In a twist of irony, the global spread of WannaCry, the malware that recently attacked the NHS, was caused by spying tools leaked from the US’ National Security Agency (NSA).
Highly infectious, WannaCry (also known as WannaCryptor and WCry) spread to at least 150 countries within a few hours. According to antivirus company, Avast, it took less than 24 hours to infect more than 100,000 Windows systems, 57% of them in Russia. Besides the NHS, its other high-profile victims included Telefonica, Santander, FedEx, Vodafone and Renault.
Many organisations were forced to shut down systems and even production sites to prevent the spread of the virus, and the NHS was virtually paralysed by the attack, postponing operations and cancelling thousands of appointments at over 48 hospitals, medical centres and GP surgeries. Six hospitals were still experiencing difficulties the following day and diverting emergencies as a result.
Exploiting Windows SMB Vulnerabilities
WannaCry infects systems which operate on a vulnerable Windows Server and SMB (Server Message Block). It is spread using software the NSA had developed to spy with and which was stolen by a hacking group called the Shadow Brokers who then leaked it on the internet.
It uses the same basic methods as most other ransomware, by getting users to open an attachment in an email, e.g. a Word document, PDF, image, etc. Once opened, the malware installs itself and a ransom request is shown on the screen asking for around £230 in Bitcoins to restore access.
Because of the success of WannaCry, it is believed that other ransomware, such as the infamous Locky, will use the same leaked technology to improve their ability to infect and spread on a larger scale.
The Mechanics of the Infection
The programs developed by the NSA to exploit the vulnerabilities in SMB are known as EternalBlue, EternalChampion, EternalSynergy and EternalRomance. Together, they are known as the FuzzBunch kit. These programs load a backdoor implant tool, called DoublePulsar, on to a compromised system, enabling attackers to load other malware.
WannaCry’s authors have obviously used this mechanism to accelerate the spread of their strain. The infection uses EternalBlue and DoublePulsar to execute remote commands through Samba (SMB) in order to distribute ransomware to other machines on the same network.
WannaCry Preying on Windows XP
It is no surprise that cybercriminals are finding a use for these government developed, ultra-advanced hacking tools. According to Recorded Future, a US company specialising in threat intelligence, Chinese and Russian hackers had begun studying the malware leaked by Shadow Brokers with a particular interest in exploits that targeted SMB vulnerabilities.
“We’re talking about very sophisticated techniques and tools that are generally beyond the reach of the underground community”, said Levi Gundert, Vice President of Intelligence and Strategy at Recorded Future
Microsoft had already patched the vulnerabilities exploited by these tools in March 2017. However, according to Recorded Future, Chinese hackers were not totally convinced of the solidity of these patches. Attack still remains a possibility against non-patched systems and against OS versions that are no longer supported by Microsoft.
This is a problem for the NHS, where 5% of their machines still use Windows XP. They are not the only ones at risk, however: many media industry organisations and a multitude of others all rely on applications which need this legacy OS to run. The problem is that XP is so old that it no longer supported by Microsoft and so doesn’t get patches or updates.
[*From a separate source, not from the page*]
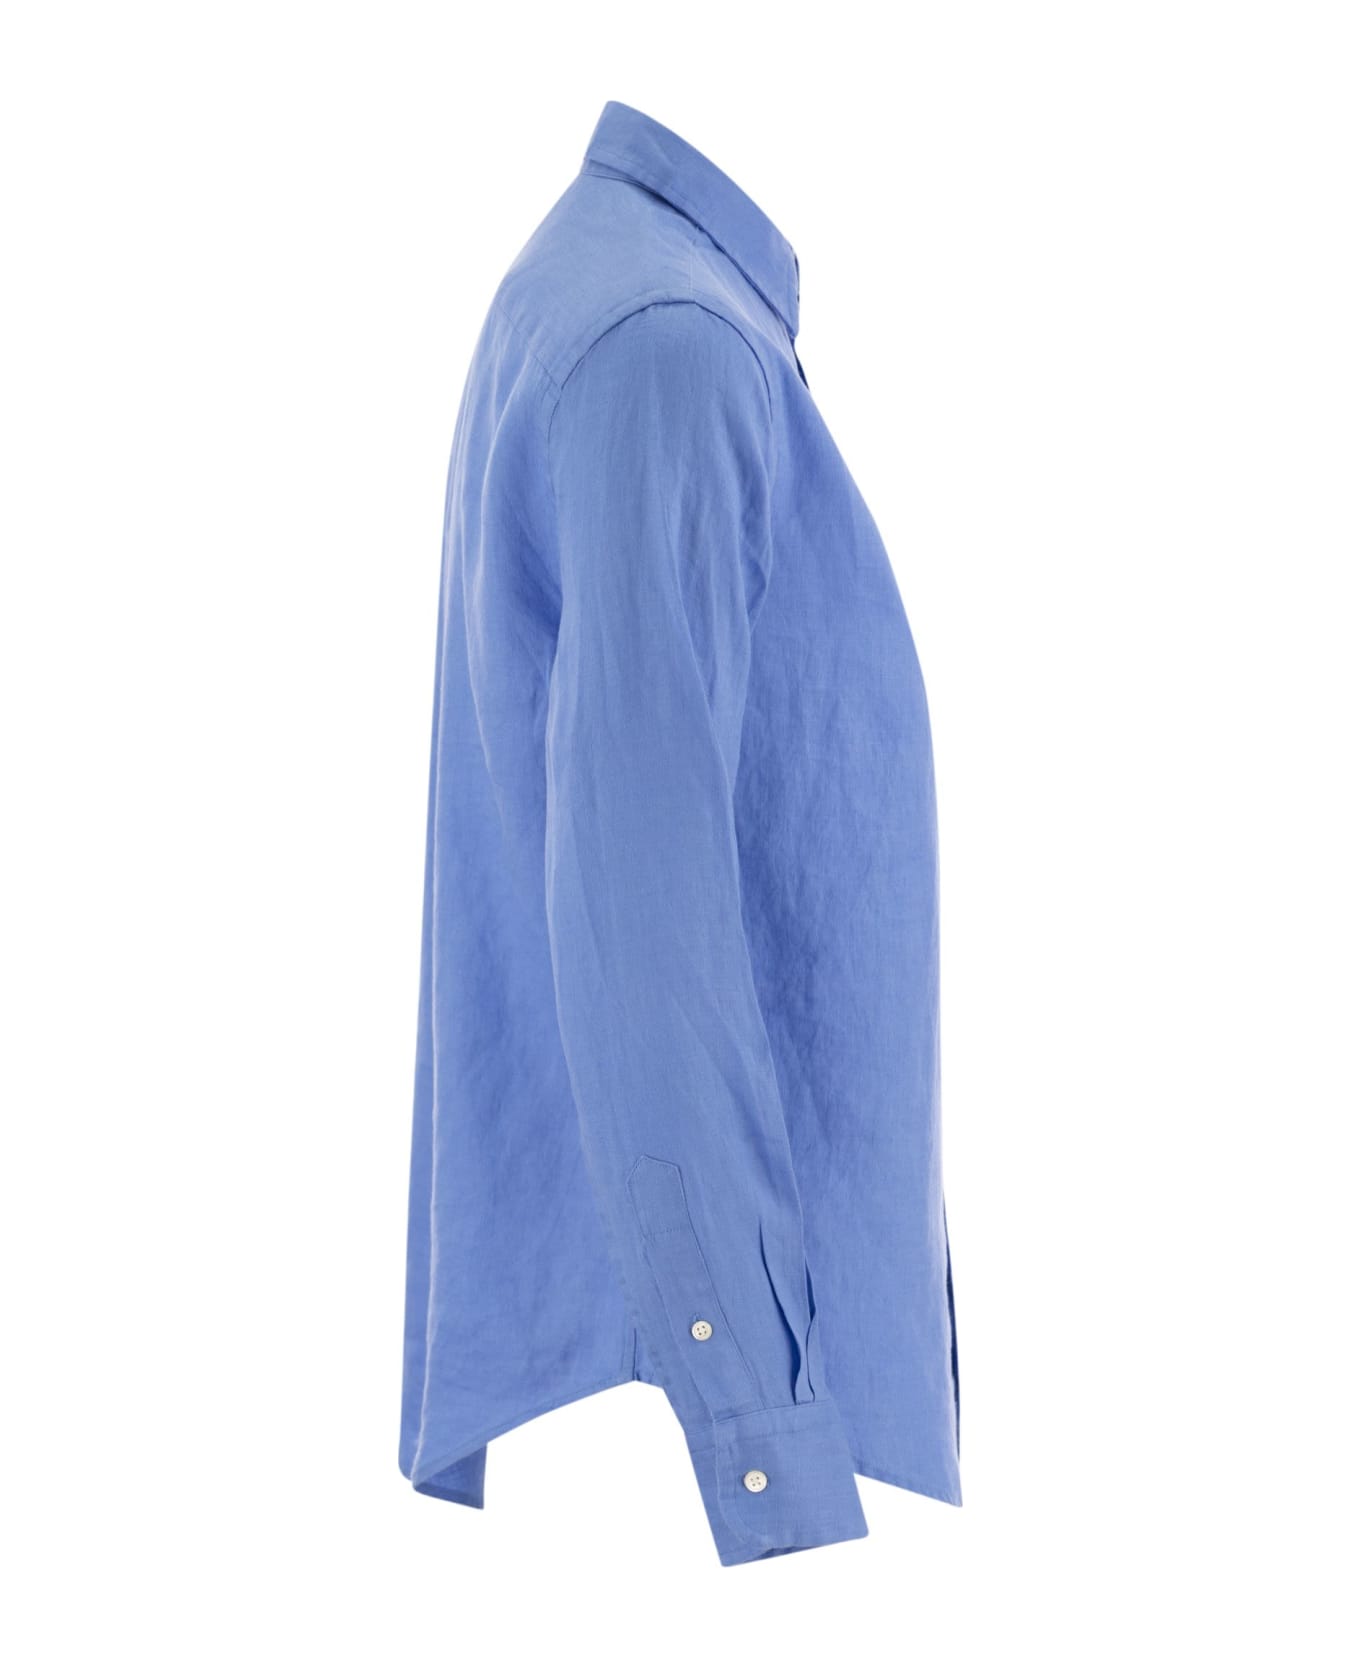 Polo Ralph Lauren Linen Shirt - Light Blue

WannaCry stopped … by a stroke of luck
In response to the WannaCry emergency, Microsoft took the unusual step of releasing patches for SMB flaws on Windows XP (including embedded version of SP3), Windows Server 2003 and Windows 8. In this attack, Windows 10 has remained unscathed, however, Microsoft expects that the threat will evolve and eventually bypass Windows 10’s first line of defence. It, therefore, recommends disabling SMB on the network, if possible.
Thanks to a stroke of luck, WannaCry is in temporary decline. A security researcher, known only as MalwareTech, accidentally stopped the malware spreading by registering a domain appearing in its code. This blocked the execution of WannaCry and stopped its broadcast. According to MalwareTech, the domain he registered was a security feature devised WannaCry’s developers to prevent it being analysed by security systems.
Unfortunately, malware developers can easily modify WannaCry to get around this pitfall. In fact, within 24 hours of the first attack ending, Costin Raiu, Director of research and analysis team at Kaspersky Lab, identified the release of new versions no longer hampered by MalwareTech operations. The WannaCry threat is, therefore, back out in cyberspace and looking for its next set of victims.
All Clear at eUKhost
At eUKhost, we found no evidence of infection on any of our Windows servers. However, we remain fully vigilant and have taken the preemptive step of patching all managed servers that are potentially vulnerable, in order to protect them from this exploit.
If you manage your own servers and use Windows OS, we strongly recommend that you check and make sure you have the latest Windows patches installed.
We urge all of you the check your desktop / laptop operating system to make sure that they are also patched and fully up to date.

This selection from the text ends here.